[Stored data — start]
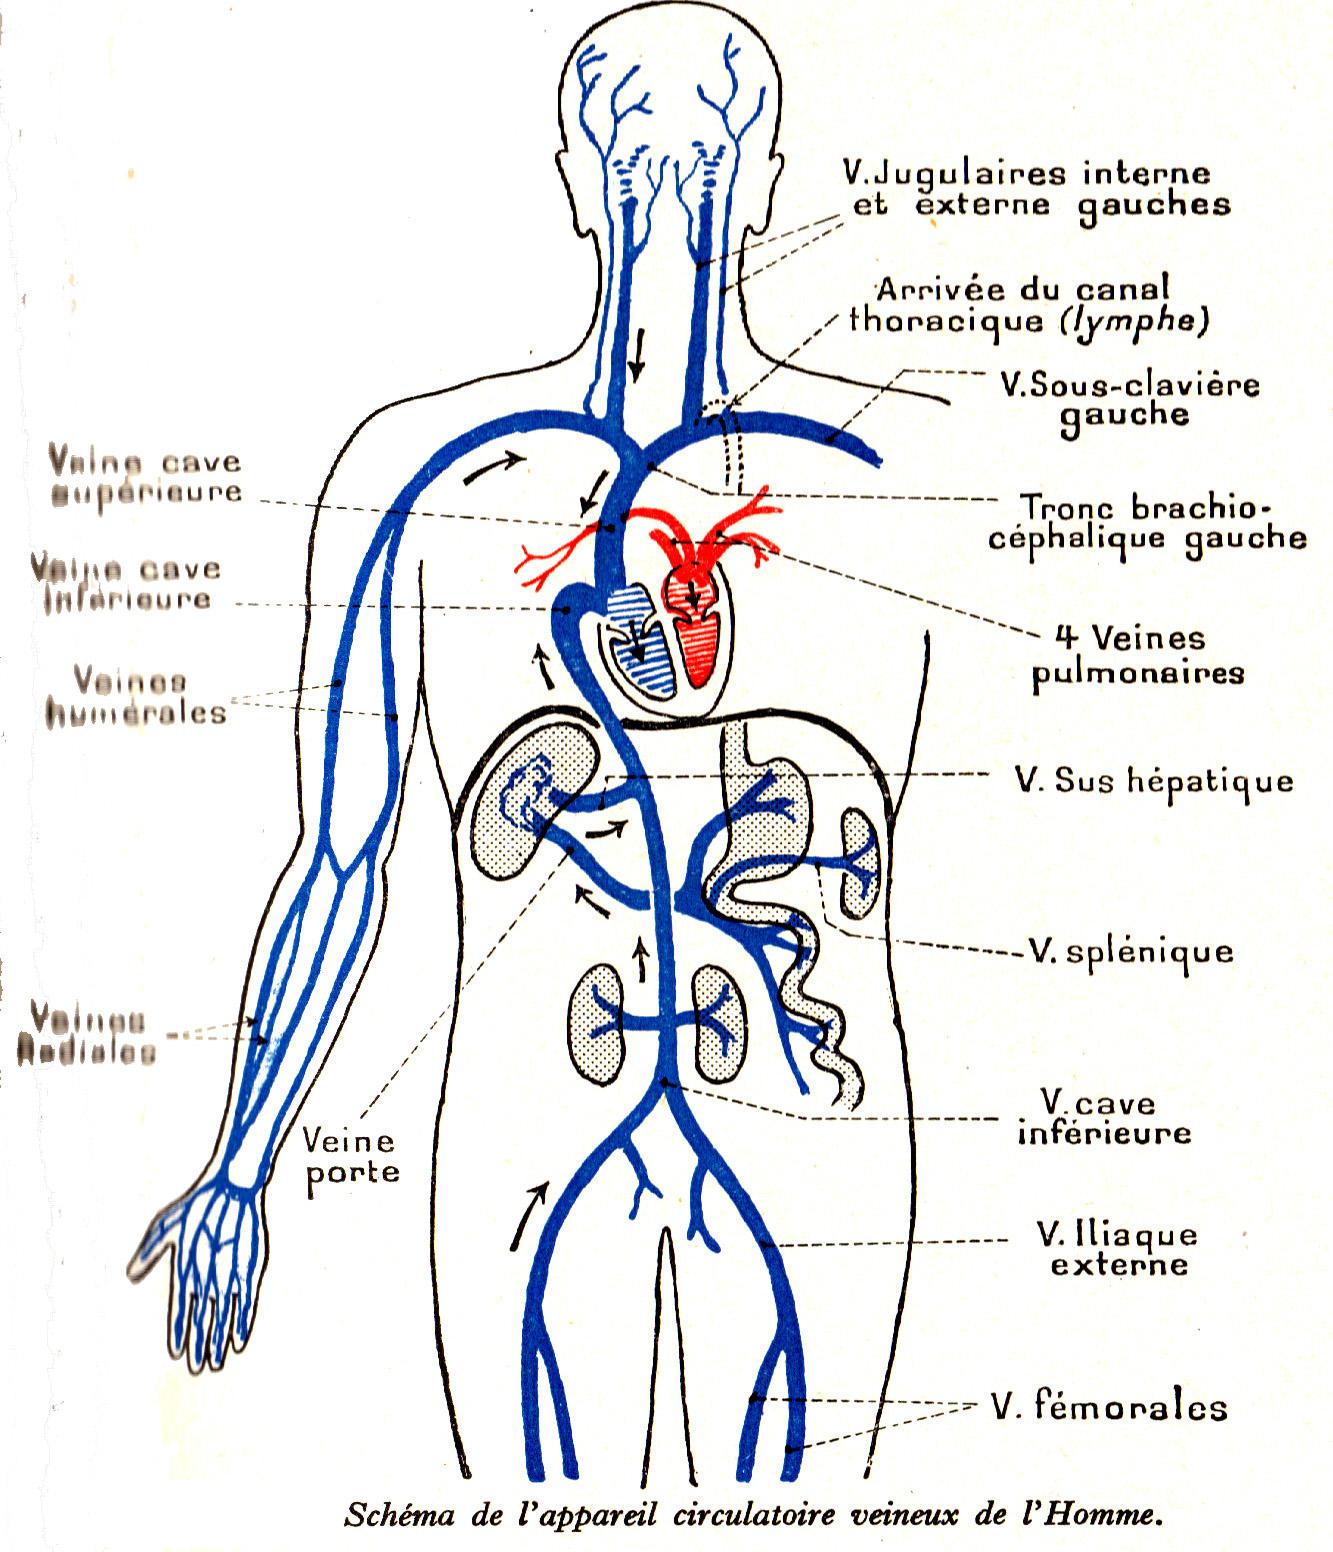 Schön Virtuelle Anatomie Dissektion Bilder - Menschliche Anatomie ...
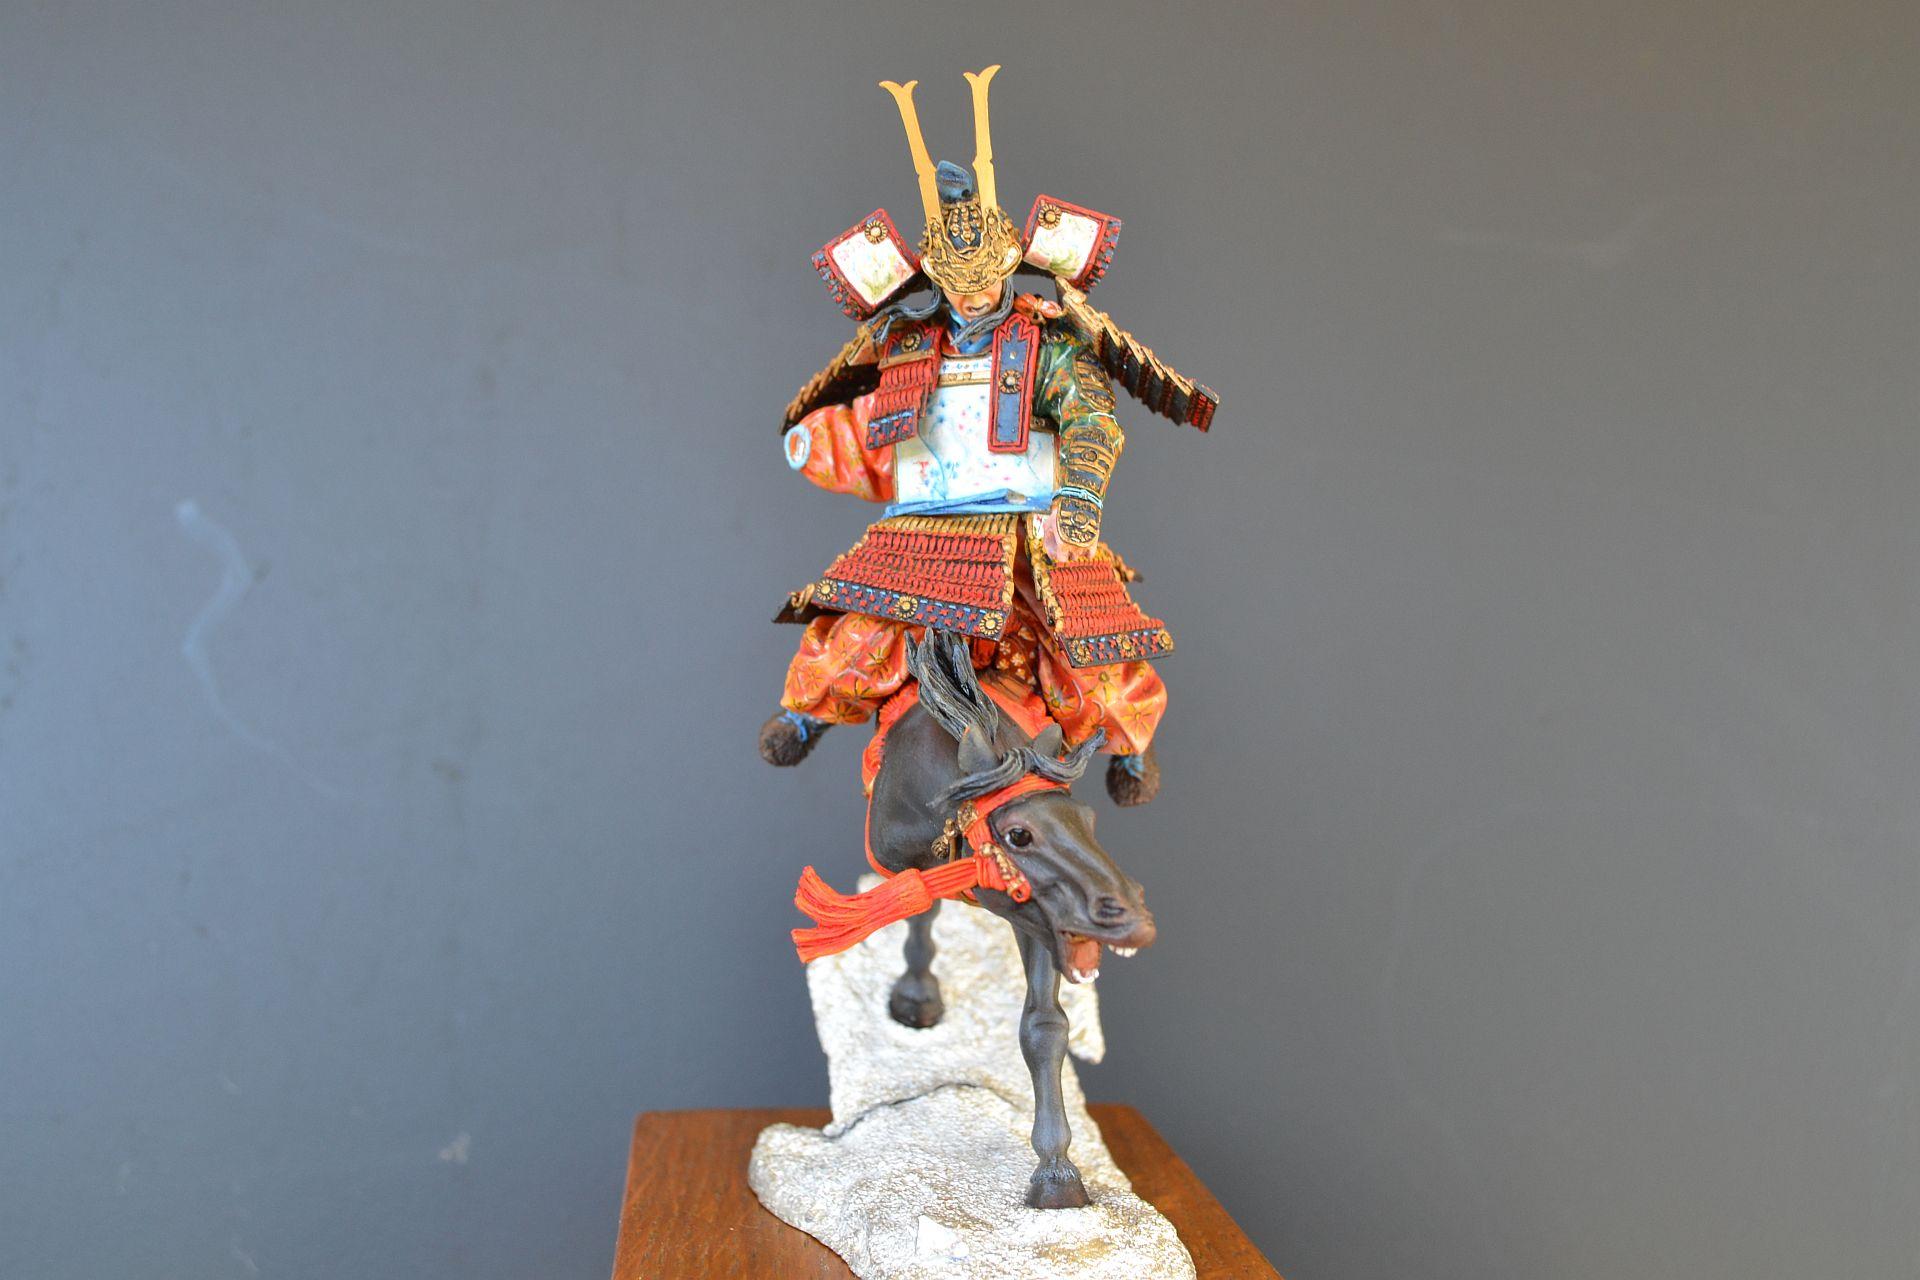 figurine pegaso - samouraï 90 mm - Page 3 160807053847255745
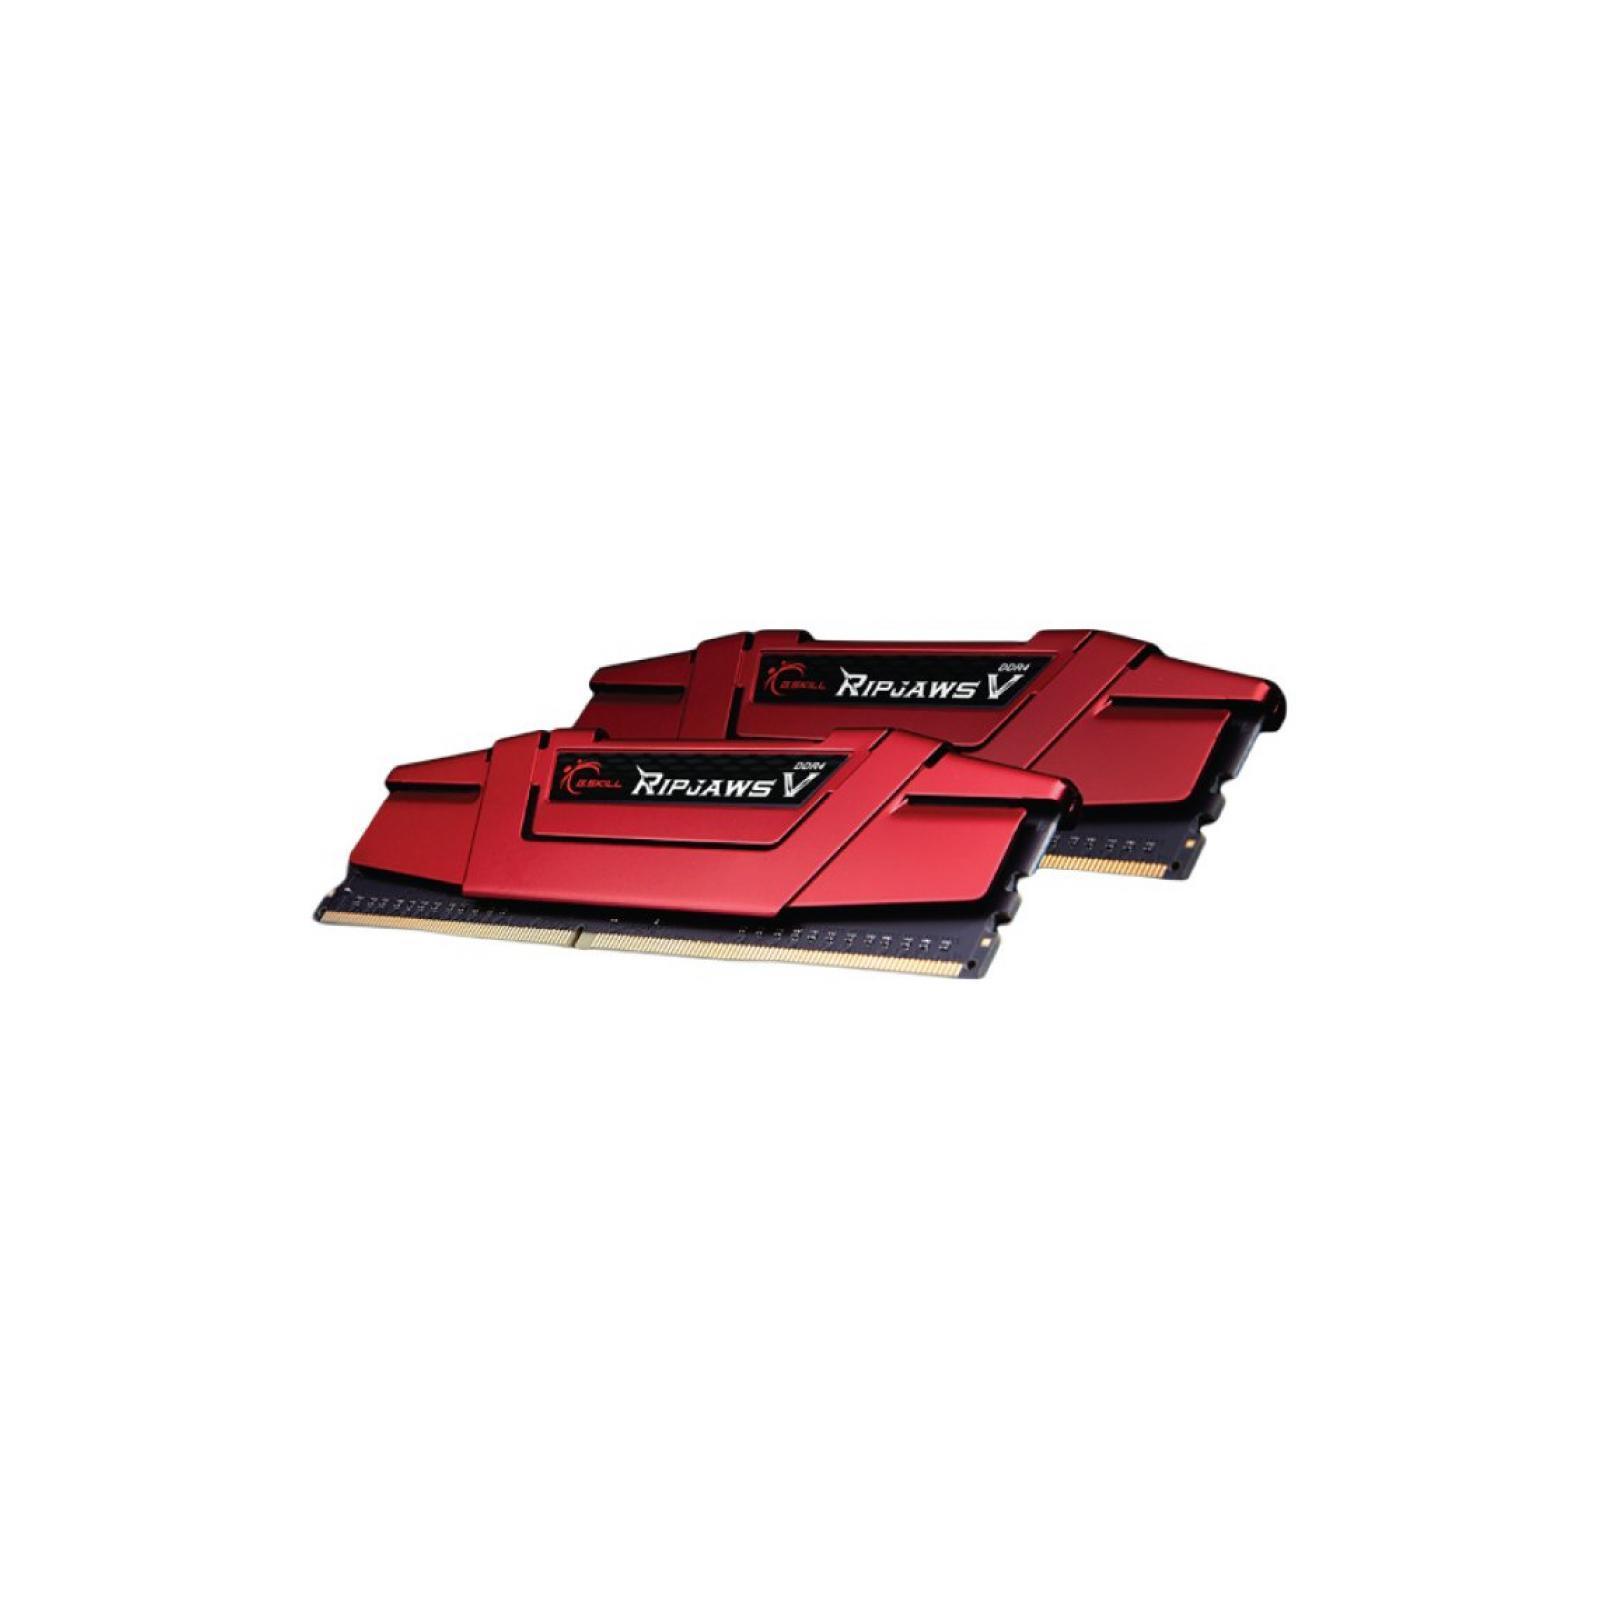 Модуль памяти для компьютера DDR4 8GB (2x4GB) 2666 MHz RIPJAWS V RED G.Skill (F4-2666C15D-8GVR) изображение 3
[Stored data — finish]
■ **Activity**:
For this step, transcribe all the material above exactly and drop the images.

■ **Result below**:
 Schön Virtuelle Anatomie Dissektion Bilder - Menschliche Anatomie ...
 figurine pegaso - samouraï 90 mm - Page 3 160807053847255745
 Модуль памяти для компьютера DDR4 8GB (2x4GB) 2666 MHz RIPJAWS V RED G.Skill (F4-2666C15D-8GVR) изображение 3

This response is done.